Elaine O'Brien, a 25-year-old mother of one from Limerick, brought her wedding day forward by one year because she was dying from a rare tongue cancer. She passed away four months later.

O'Brien (née Ryan) planned to marry her husband Pakie on August 7, 2014, the her parents' wedding anniversary. After her health began to deteriorate in mid 2013, the couple brought the wedding forward and married on August 7, 2013.

O'Brien, the mother of a four-year-old daughter named Lexi, was diagnosed with tongue cancer in May 2012.

“It started off like a little pimple on the side of her tongue. They told us in the hospital it is normally old people that would have been chewing tobacco all their lives that get it.

“It is very rare and especially in a young girl like Elaine who was 23 and a half at the time,” her aunt Hanora told the Limerick Leader.

She was put on high doses of medication and had a tube inserted into her stomach as she couldn’t eat.

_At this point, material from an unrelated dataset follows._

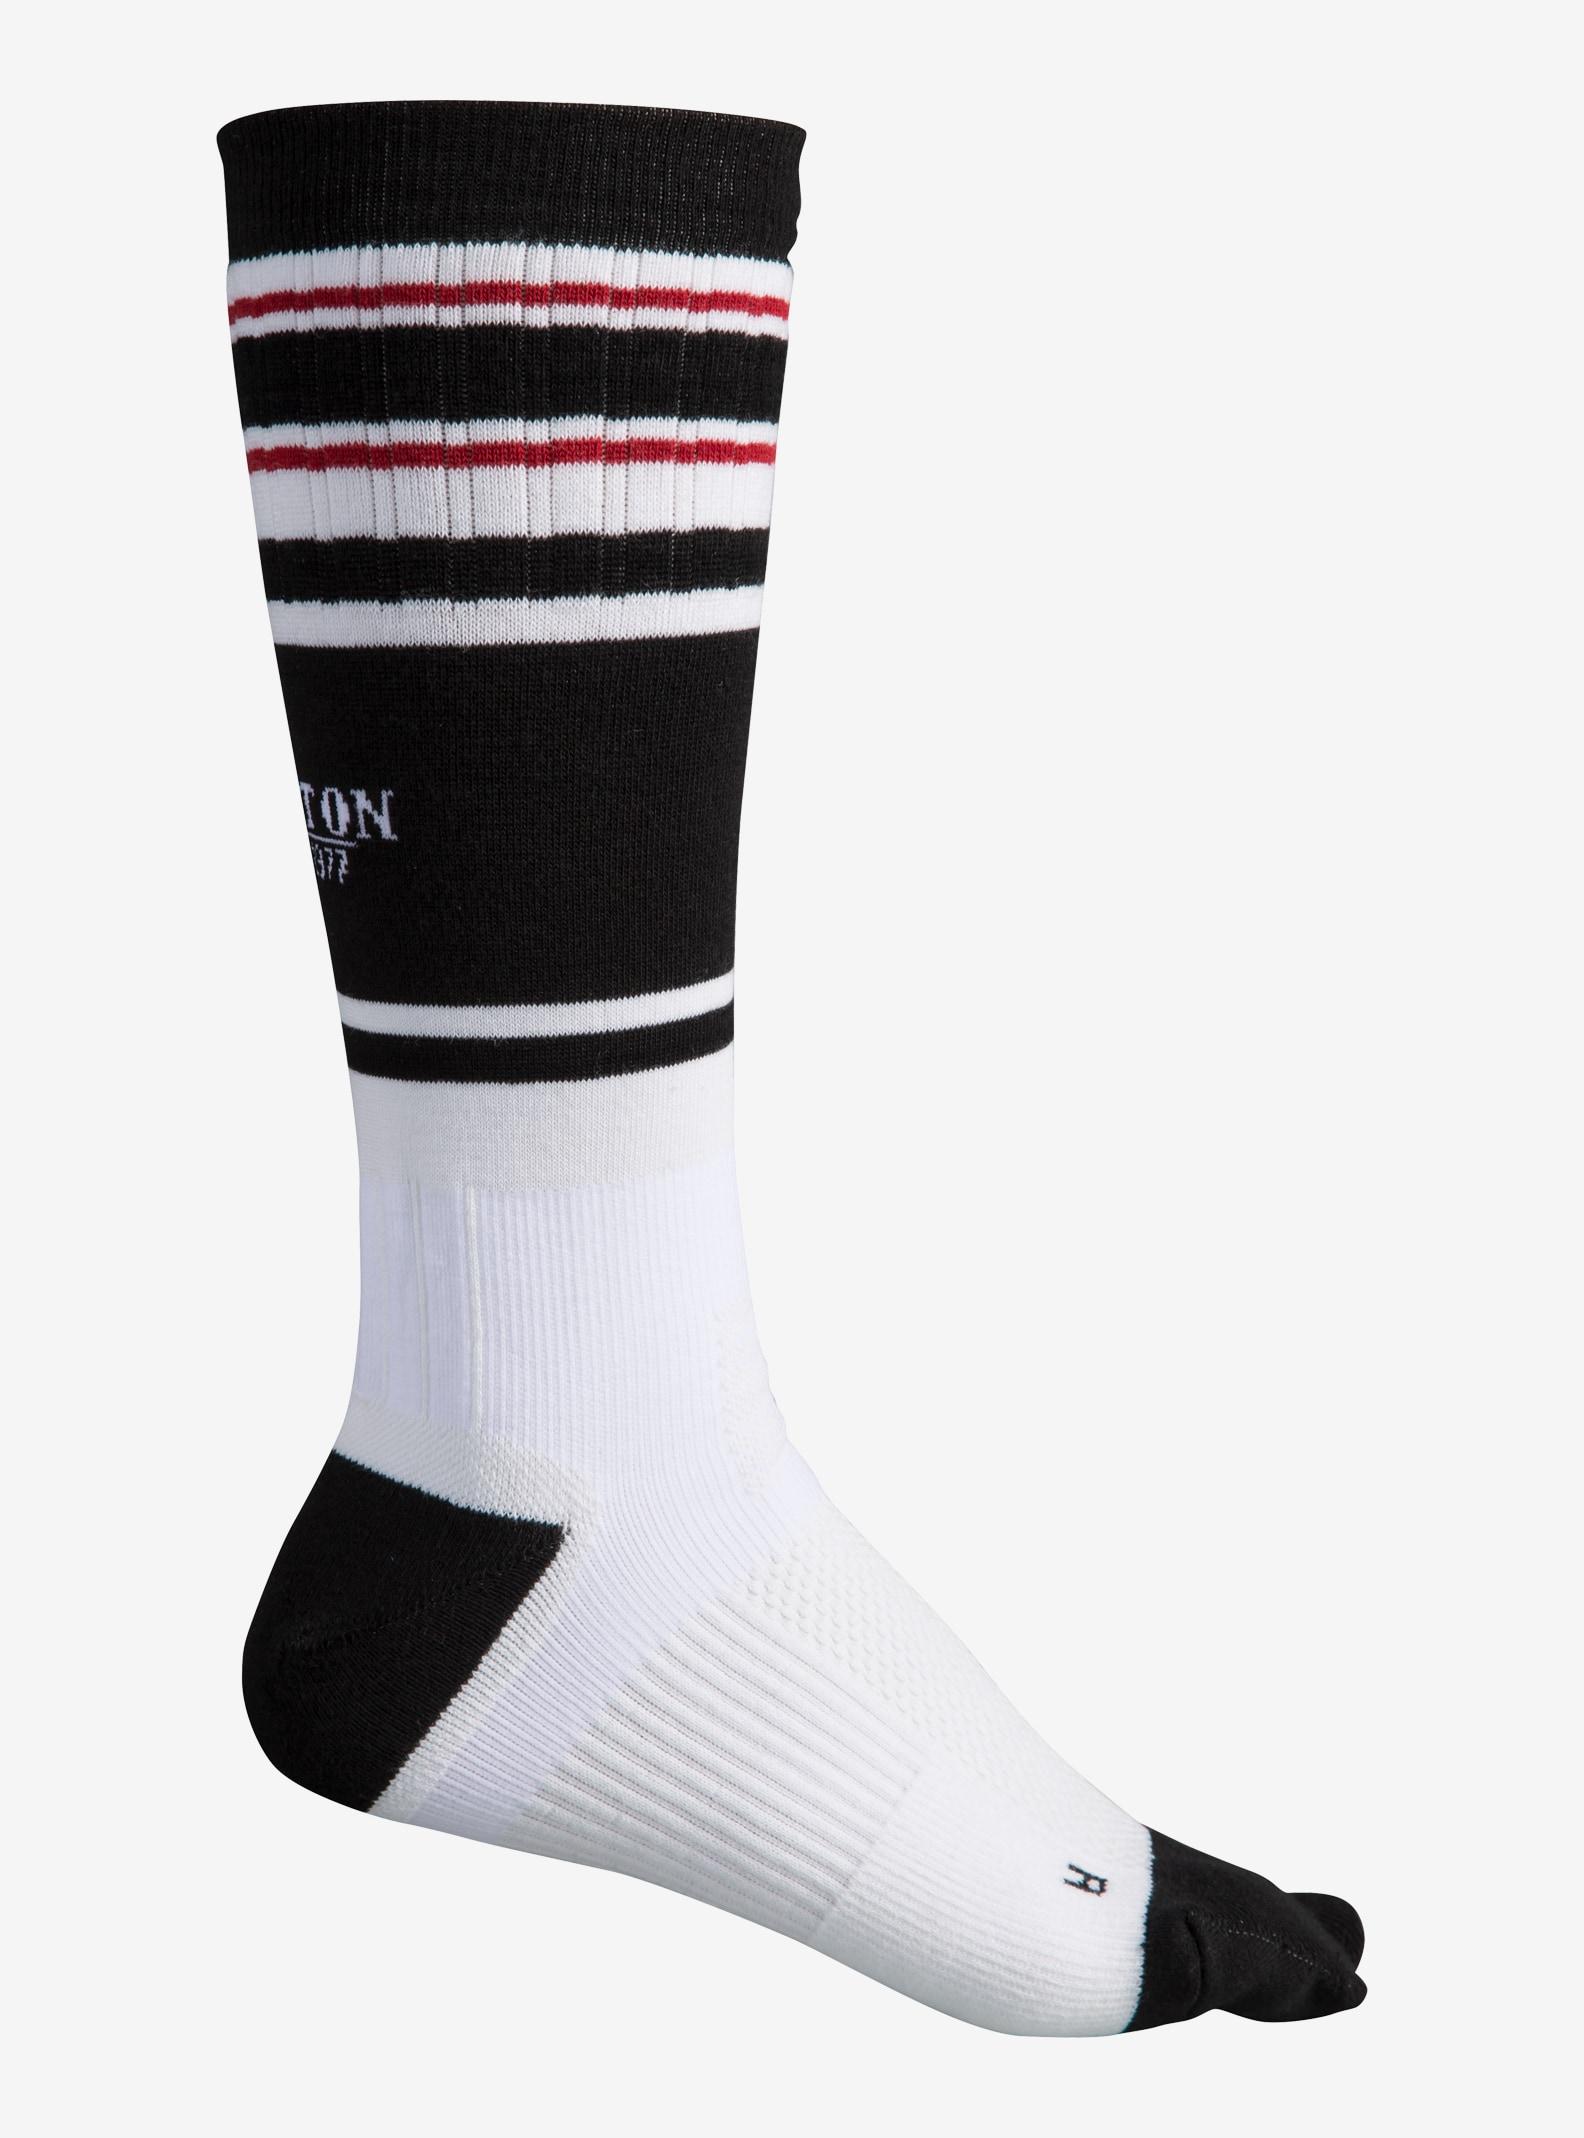 Burton Unsung Hero Sock shown in Black

“We would ask her if she was in pain and she would always say no. I used to go with her to her appointments and she would say, ‘No negativity’,” said Hanora.

After suffering from a hemorrhage in mid 2013, O'Brien was told by her doctors that nothing more could be done for her.

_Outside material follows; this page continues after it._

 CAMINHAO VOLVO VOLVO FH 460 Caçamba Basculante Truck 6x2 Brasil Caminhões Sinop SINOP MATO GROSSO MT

“They gave her the option that they could operate and take out the whole tongue and voice box but afterwards that she would be in a bed the whole time with tubes coming out of her with still no guarantee of life.

“I said to her then, “What was the one thing she wanted to do?” and she said she wanted to get married,” said Hanora.

A fundraiser was held and the Limerick charity Clare's Wish Foundation provided a wedding car, church music and photography.

Seven weeks later she and Pakie were married in Nicker Church. Their daughter Lexi was a flower girl.

“The wedding day was very special to Elaine because it was on the date she was always going to get married. She looked so beautiful and really enjoyed it. She organized it exactly the way she wanted it.

“If you didn’t know it you would never have thought she was sick. But we could see it in her eyes because we knew she was sick,” said Hanora.

O'Brien's condition deteriorated rapidly after the wedding. She died on December 20.

She was laid to rest the Monday before Christmas with the presents that were bought for her.

“We gave them to her a week earlier and told her to open them but she said she would wait until Christmas Day. She said she was really looking forward to them.

“We bought her jeans, jumper and pair of Ugg boots she was mad about. We put them into the grave with her,” said Hanora.

Two months before her death, O'Brien, a talented writer, wrote a poem which she knew would help bring peace to her loved ones after her death. Her cousin Heather Mawdsley read the poem aloud at her funeral Mass.

An excerpt references God's plan.

“He has one mapped out for you, so hold your head up high and go with the flow because what is around the corner any of us just don’t know, if your plan brings heartache and nothing but pain, dry your eyes and remember this - in heaven you have no pain.”

Hanora said she plans to frame the poem and place it on her wall.

O'Brien's family and friends will gather in Nicker Church for her months' mind Mass on January 25th, the day following what would have been the young woman's 26th birthday.

She is survived by her husband Pakie, daughter Lexi, mother Eileen, father Mike, brothers, sisters, extended family and friends.